I Built a Real-Time AI Voice Agent That Automates Your Business Workflows in 2 days - From Bahrain, During a War

I'm writing this from Bahrain, where the ongoing conflict in the Middle East has turned everything upside down. School went fully online, everything got canceled, and life became unpredictable. I joined the Gemini Live Agent Challenge hackathon late, and then when I finally had time to sit down and build - the war escalated all of a sudeen. I had two spare days before the deadline.

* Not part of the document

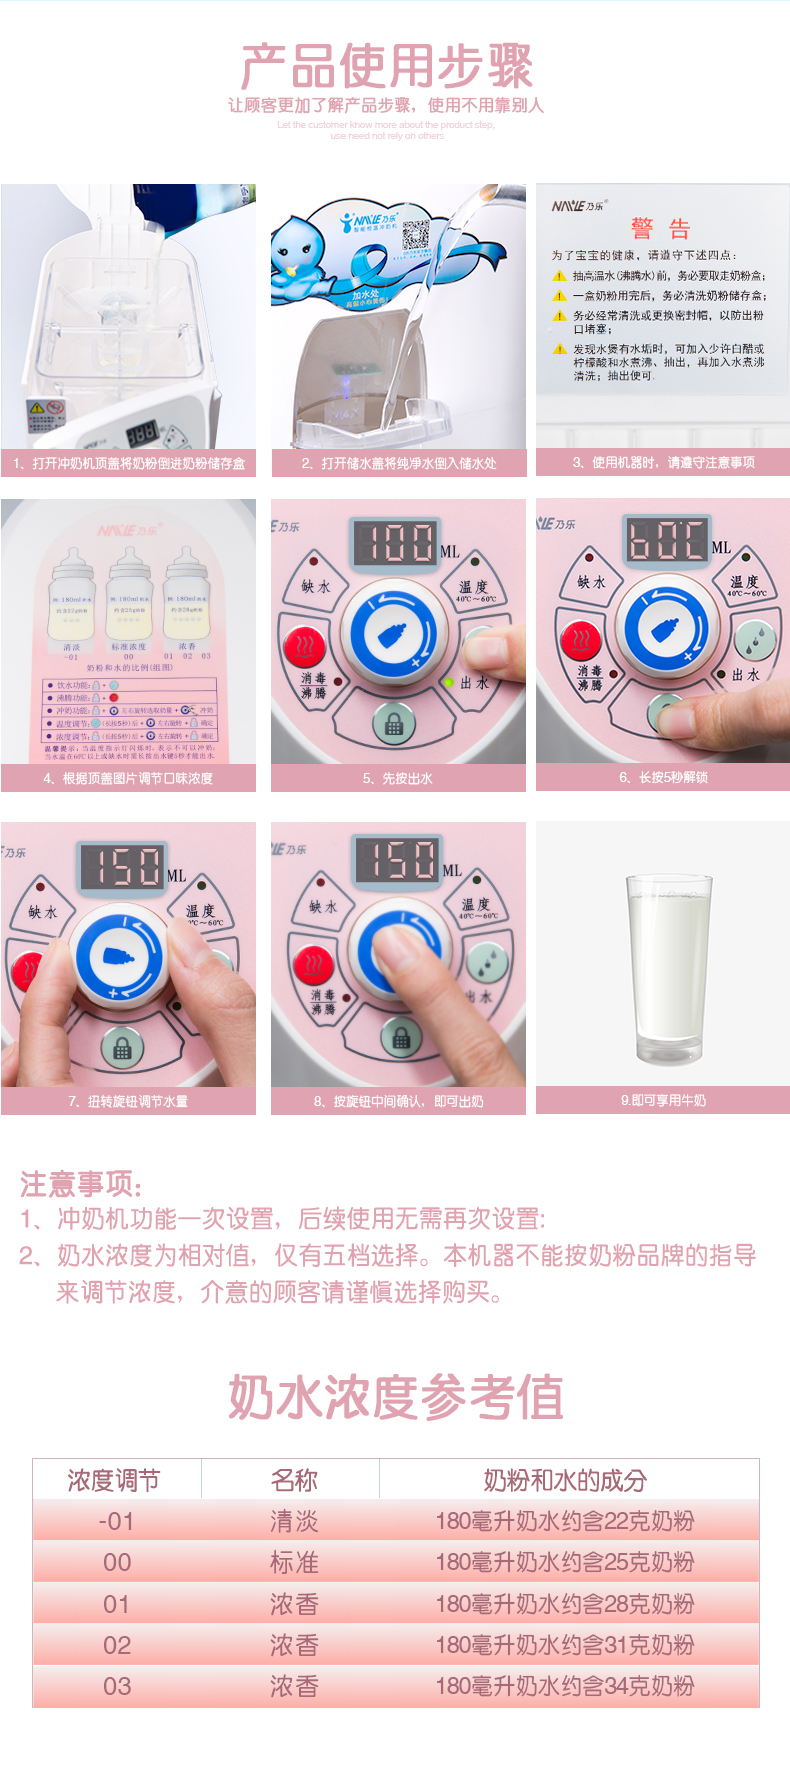 乃乐全自动冲奶机宝宝智能配奶机恒温调奶器恒温水壶婴儿暖奶器 粉红色新款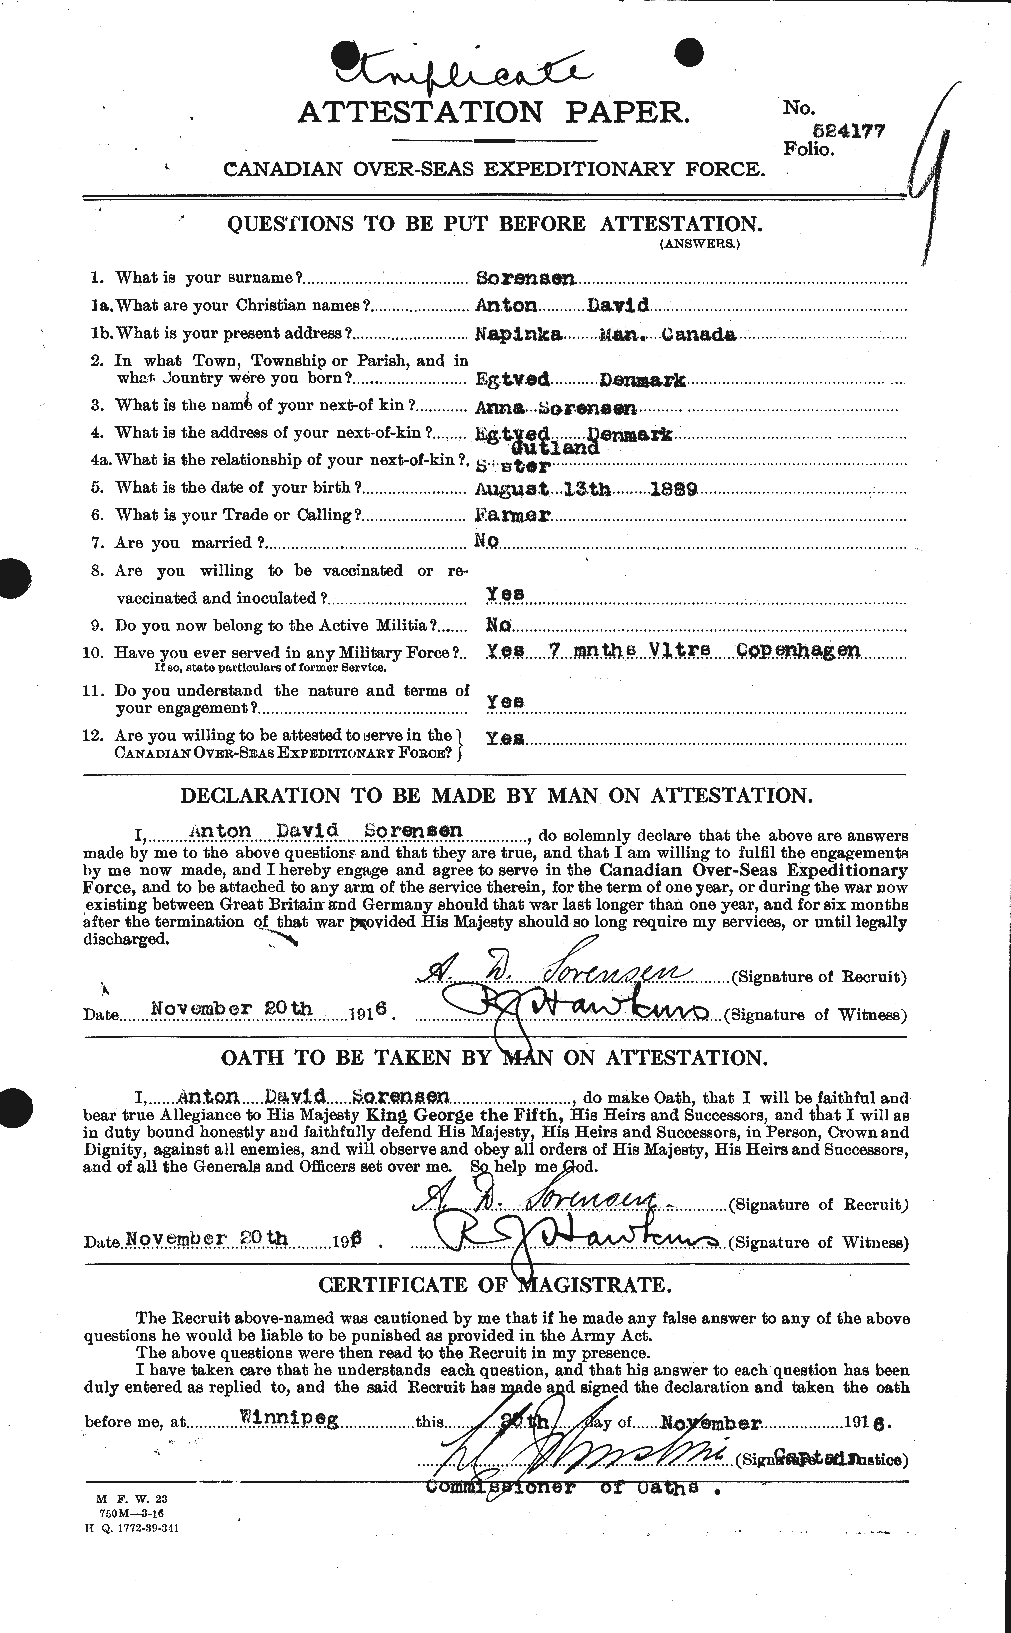 Dossiers du Personnel de la Première Guerre mondiale - CEC 110167a

That's it.
This is what I built in those two days: Perks Live - a real-time voice AI that watches your screen, analyzes your business workflows, and automatically dispatches an n8n automation blueprint to your inbox, complete with an importable JSON workflow file.
I'm genuinely proud of what I've been able to make in 2 days during high-tension moments and conflict in the region. Here's how it works and what broke along the way.

The Problem

Small business operators and automation agencies spend hours manually analyzing workflows before they can even begin designing automations. What if an AI could watch your screen, understand your operational context, and architect solutions while you talk through the problem out loud?

What It Does

Sees your screen - JPEG frames at 1 FPS sent to Gemini
Hears you - continuous 16-bit PCM audio at 16kHz streamed in real time
Responds with voice - Gemini's native audio output (Aoede voice)
Fires automation blueprints - tool call → n8n webhook → AI Agent → email with downloadable .json workflow attachment
Shows AI reasoning live - separate feed in the UI displaying the model's thought process

The full pipeline runs in under 60 seconds from voice request to email in your inbox.

Architecture

React frontend (Firebase Hosting) → streams audio + screen frames via WebSocket → Gemini Live API → tool call fires → n8n Webhook → AI Agent node generates valid n8n workflow JSON → Convert to File → SMTP email with .json attachment

Tech Stack

Gemini Live API — gemini-2.5-flash-native-audio-preview-12-2025 on v1alpha
Google GenAI SDK — @google/genai for the Live API connection
Firebase Hosting — Google Cloud deployment
Vite + React, Web Audio API, raw WebGL GLSL shader for the background
n8n — webhook, AI Agent node, email dispatch

The Hardest Problems I Hit

Wrong model + wrong API version. My API key didn't have gemini-2.0-flash-live-001. Every connection attempt returned a 1008 disconnect. The fix was discovering gemini-2.5-flash-native-audio-preview-12-2025 on v1alpha.
clientContent vs realtime_input. I was sending audio with turnComplete: true on every 256ms chunk, telling Gemini the conversation was over constantly. The fix:
javascriptwsRef.current.send(JSON.stringify({
realtime_input: {
media_chunks: [{ mime_type: "audio/pcm;rate=16000", data: base64PcmString }]
}
}));
Browser Audio Autoplay Policy. AudioContext must be created synchronously before any await — the moment the call stack yields, the browser revokes the gesture token permanently.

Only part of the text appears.